How to Not Lose Your Child at the Fall Festival this Weekend (And What to Do If They Lose You Anyway)

not lost

This kid is not lost.

Here at Cox Farms, we have become experts at reuniting lost kids with their parents and teachers. Over the years, we have made changes to the Fall Festival, from procedures to staffing to fencing, to make it safer and easier for families and groups to stay together. Along the way, we have picked up some tips that we hope you’ll find useful.  Let’s start at the beginning…

 

Planning Your Visit

  • Consider visiting on an off-peak time, when crowds will be at a minimum. In addition to being way more fun and avoiding lines, it also is much easier to keep your group together when there’s more space on the farm. As an added incentive, we make it cheaper for you to visit during these times! On weekday afternoons, it can sometimes feel like you have the farm to yourself, and using our special Weekday Afternoon Value Cards, you can get in for just $7/person. You save $3 per person by coming on a “Regular” Weekend (Sep 21-22, 28-29, Oct 26-27, Nov 2-3) instead of a “Prime” Weekend. Less traffic, short lines, fewer than 200 5-year-old boys named Jacob wearing red shirts and jeans, etc.

On the day of your visit…

This kid might be lost.

  • LABEL each kid with your name and cell phone number (or the number of the adult responsible for chaperoning the child)- be sure to list a cell phone number that will actually be with you here at the farm! That way, when we find your lost kid, we can just call that number and reunite you.
    • Stickers are best! We have stickers available for you at the ticket booth for just this very purpose. (Just make sure you remove them before washing the clothes… we’ve all been there!)
    • Use a permanent marker on whatever label you use… or, if you prefer, write it in permanent marker on their arms. We won’t judge.
    • Or, for a fun alternative, check out these “safety tattoo” temporary tattoo options: http://www.safetytat.com/ and http://tottoos.org/.
    • If you have concerns about privacy, or to make sure your child does not shed the outside labeled layer of clothing as the day heats up, put the sticker on an under layer. (Sometimes I will put them inside and upside down on the front of their tee shirts. Then we practice: if you get lost, find a safe adult and flip up the bottom of your shirt to show them your sticker.)
    • Do NOT use neck lanyards/yarn necklaces: the Fall Festival is an action-packed place, and your kids will be climbing, swinging and sliding all over the place. It is a safety hazard to have something long hanging around their necks.
    • Safety pins obviously have disadvantages as well, since paper can tear off of them and they can open accidentally.
  • TALK about what to do if you get separated. Some of this is standard and applies to any situation or location, but some of it may be specific to the venue.

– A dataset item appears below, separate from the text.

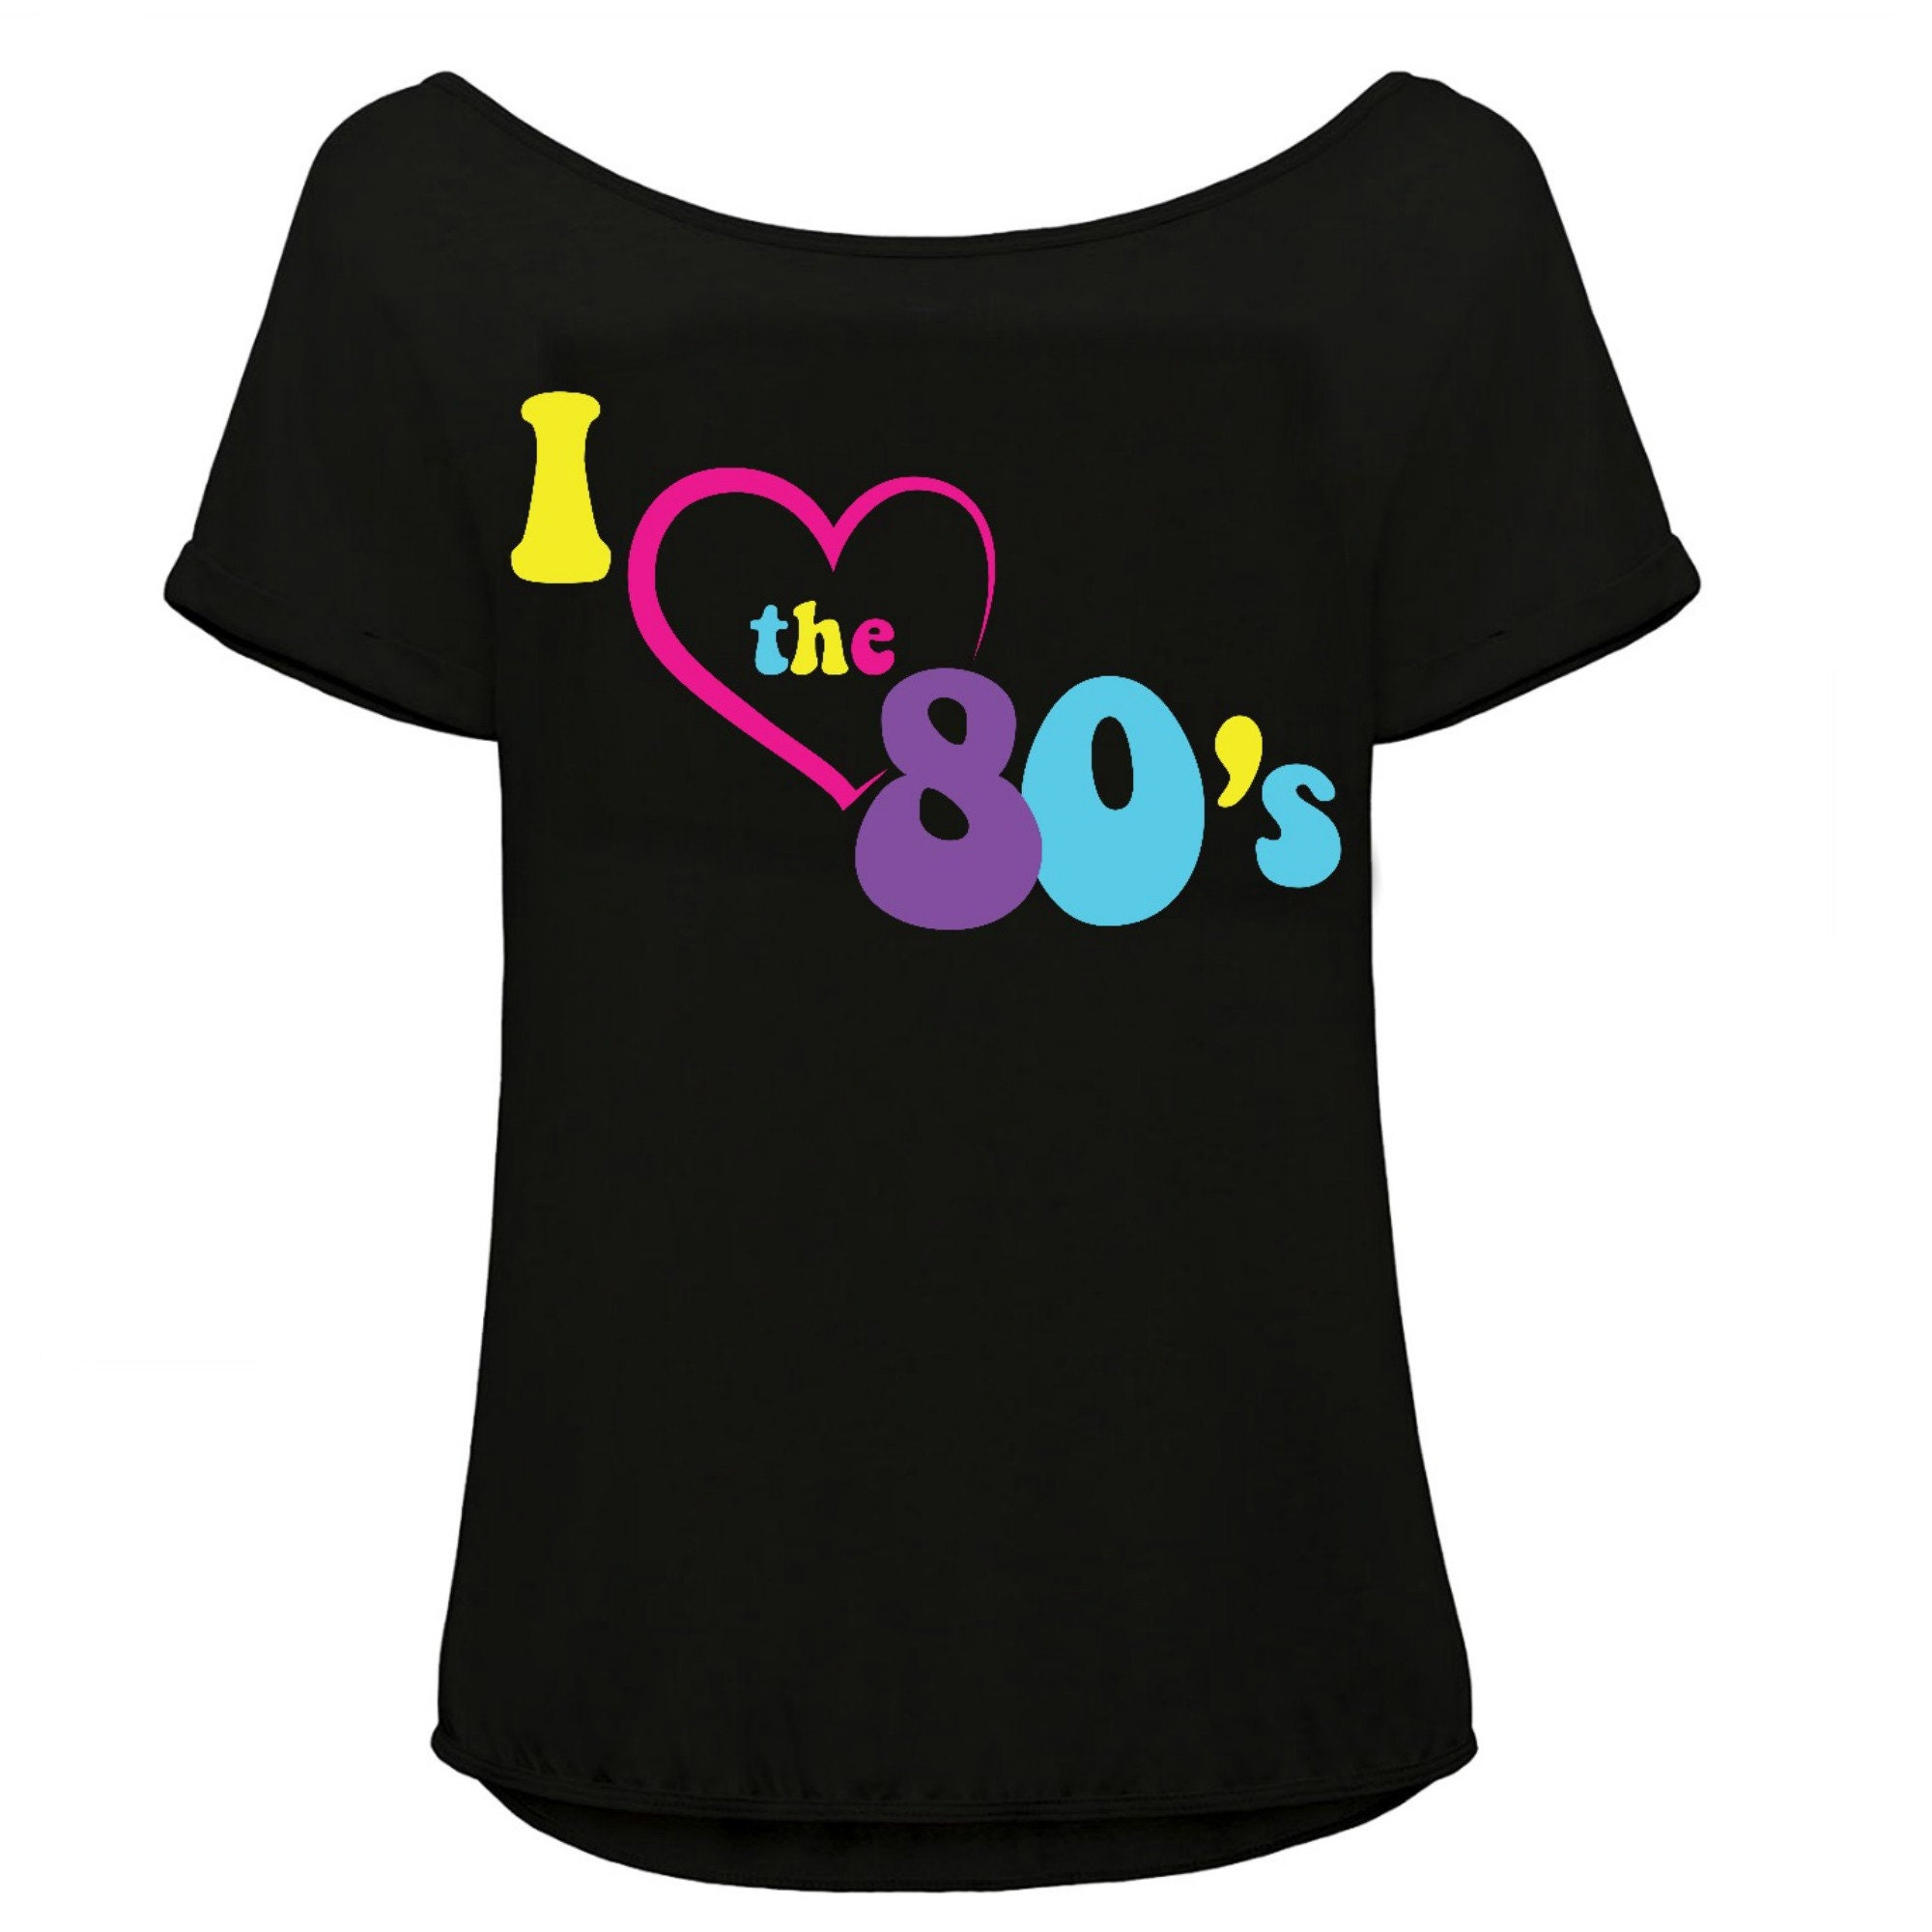  I Love The 80s Clothes for Women and Men Party Funny Tee  T-Shirt : Clothing, Shoes & Jewelry

At Cox Farms, all of our employees are required to wear red Cox Farms smocks and a name tag. We have little signs up that show a person in one of these smocks saying “If you’re lost, I can help!” We also have uniformed Fairfax County Police officers at the farm.
  • BE SPECIFIC: with my kids, we talk about finding a “safe adult,” but it is important to remember to define who a safe adult is, how your child should determine who is safe, and how to approach them.
  • PRACTICE! It seems silly, but even the kids who have heard it a million times can freeze up and panic when it actually happens to them.

When you arrive…

  • Find a Farmer! Point out a Cox Farms employee wearing the red smock, so your kid knows what to look for.
  • Say ‘cheese!’ Take a picture upon arrival. If you have a large group, you may want to take closer individual photos of each kid; make sure the photo shows the kid head to toe. This way, if your child is lost, you can pull out your phone/camera and show us the picture instead of trying to provide a description from memory. (Yes, of course you know what your child looks like, but details like hair accessories, shoes and precise clothing descriptions are often crucial to helping us find your child quickly.)
  • Make a plan. Remind your child that, if at any time during your visit they are unable to find you, they need to stop playing and find a safe grown-up to help.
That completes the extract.